There are also, of course, many other concerns that divert government focus from environmental issues. Increasing regulation on certain heavy-polluting industries, such as steel and coal, can have a negative effect on jobs. Setting ‘green’ taxes, either directly or through such things as energy tariffs, can also cause a burden on taxpayers and businesses. Thus, there has sometimes been a tendency to see environmental legislation as damaging to economic growth and prosperity. By extension it can also be unpopular in domestic settings, making legislation difficult to pass – or even propose in some cases. It is consequently encouraging to see so much domestic legislation gaining traction. The number of countries where the human right to a healthy environment is enacted constitutionally may help build collaborative transnational networks to protect the global commons. The starting point would be a shared understanding of the need to reduce human impact on national and global ecosystems. Sharing a paradigm that pushes the human right to a healthy environment may also induce national governments to actively seek participation in international environmental agreements. Nevertheless, it is important to find a way to coordinate these agreements, and this challenge raises the question of whether we need a global environmental organisation to make sure states comply.

The best situation for Planet Earth’s citizens are solutions that are made not just in each state, but internationally. And, most importantly, complied with. IR is often concerned with the phenomenon of states cheating on, or withdrawing from, agreements. Perhaps nowhere is compliance more important for our long-term prosperity and security than in the areas of climate and environment.

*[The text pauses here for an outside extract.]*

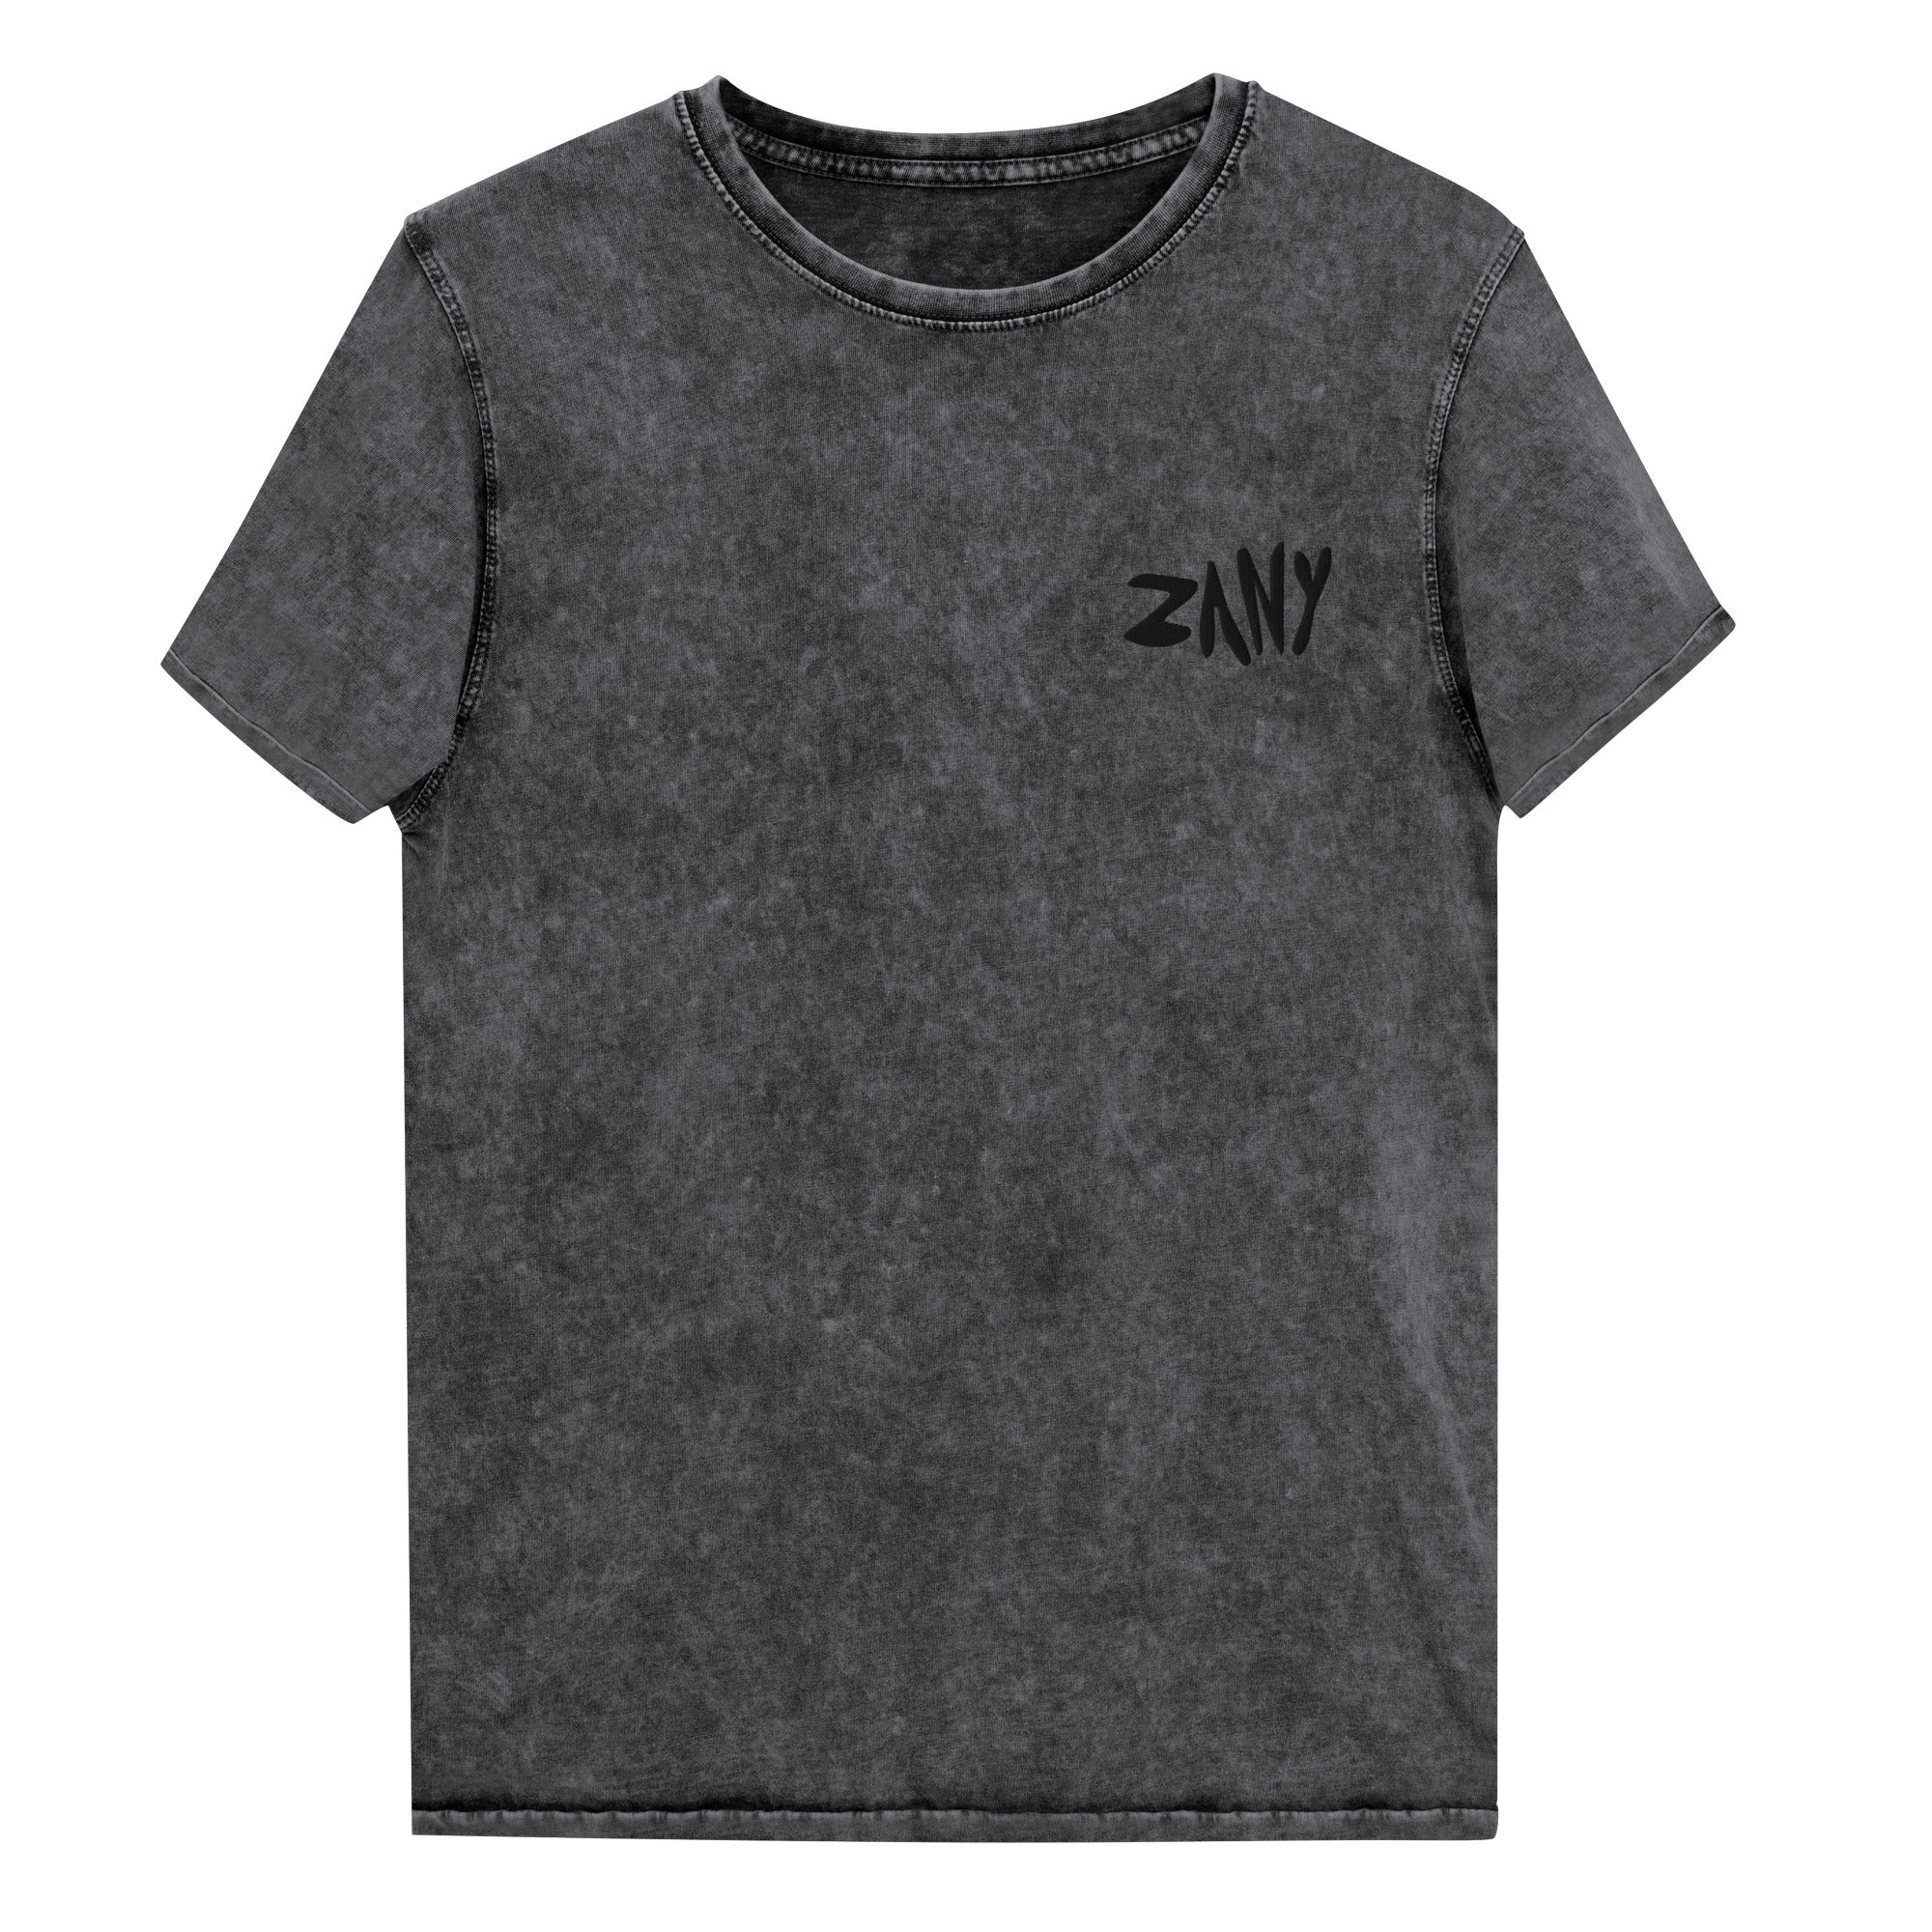 unisex-denim-t-shirt-black-front-646b87a1dac5c.jpg

Do we need a global environmental organisation?

Who is in charge of protecting our global environment? To answer this question, you may recall from previous sections that there is now a consensus regarding one specific tool that may help achieve the lofty goal of providing global public goods: international environmental agreements. These agreements, often produced at megaconferences, help protect our global commons by requiring nations to acknowledge and respect the human right to a healthy environment. However, the next big question is an equally important one – who is in charge of implementing these international environmental accords? Some have argued that in order to force countries to cooperate in the protection of our shared environment, we need a global intergovernmental secretariat. This would take the form of a far-reaching international institution whose sole purpose would be coordinating efforts to improve environmental quality.

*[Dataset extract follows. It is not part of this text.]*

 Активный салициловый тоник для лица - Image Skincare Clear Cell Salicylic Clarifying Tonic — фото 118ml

For many years there was a collective belief that the United Nations Environment Programme had been tasked with the challenge of protecting our global network of ecosystems and shared resources. This may have been true in the early stages of its creation following the 1972 Stockholm Conference, but protecting our global environment has proved to be an impossible task for a small agency with a limited budget and no power to compel states to act in a particular way. The reality is that even though there is increasing interest in strengthening international cooperation across countries to protect the global environment, it is the number of institutions, agencies and programmes dealing with environmental issues at other levels that grows in size and complexity. Regrettably, the frequent mention of abrupt climate change events, increasing deforestation and growing levels of pollution in oceans, rivers and lakes makes it clear that we have yet to solve these complex global environmental problems. And while there is still no agreement as to whether the United Nations Environment Programme is the agency that should be tasked with protecting the global environment or whether we should create a new global environmental organisation (see Biermann 2000), we must ensure that we focus on collective solutions at the international level rather than state, regional or local level – we all share the earth.

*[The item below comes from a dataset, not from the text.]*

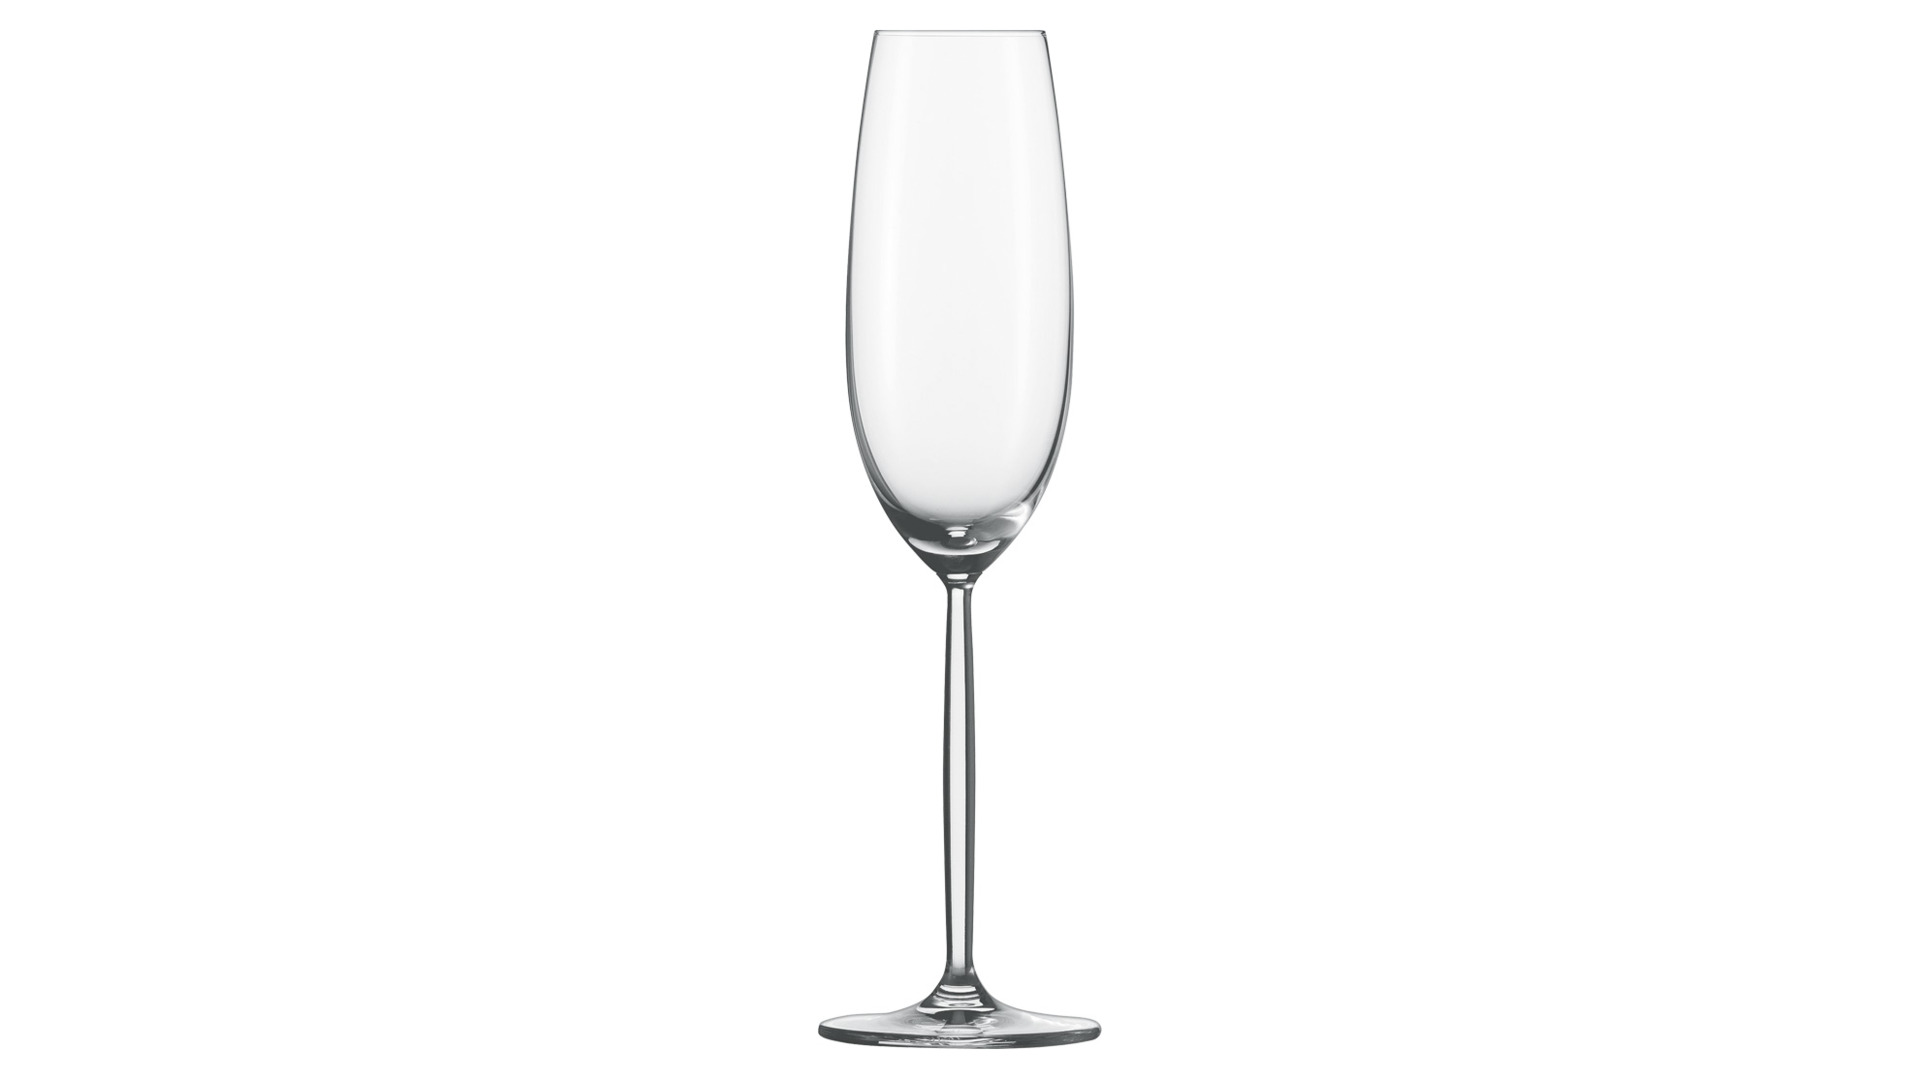 Набор бокалов для шампанского Schott Zwiesel Дива 219мл, 6шт

To strike an optimistic note, we can find at least one instance of global environmental cooperation, the Paris Agreement of 2015. This was led by the chair of the United Nations Framework Convention on Climate Change Secretariat, Christiana Figueres, and is an example of what can be achieved in global cooperation for environmental protection by just one intergovernmental secretariat. The fact that the majority of the world’s states were able to reach agreement on the specific tactics and strategies that every state needs to undertake in order to reach the stated goal of holding increases in the earth’s temperature below two degrees centigrade is to be lauded. Even more important is that the agreement has secured the support of the world’s two biggest state polluters, the US and China. The Secretariat is probably not the global environmental organisation we need right now, but it played a pivotal role at a crucial time.

The debate around whether or not we should have a global environmental organisation may never be settled. However, if we were to establish such a thing it would need full and complete cooperation from all states to stand any chance of success. The example of Paris, which built on the example of earlier megaconferences and movements, suggests that international collaboration to protect our environment is on the rise. This offers hope for the future despite rising tensions in some nations over the nature of climate agreements.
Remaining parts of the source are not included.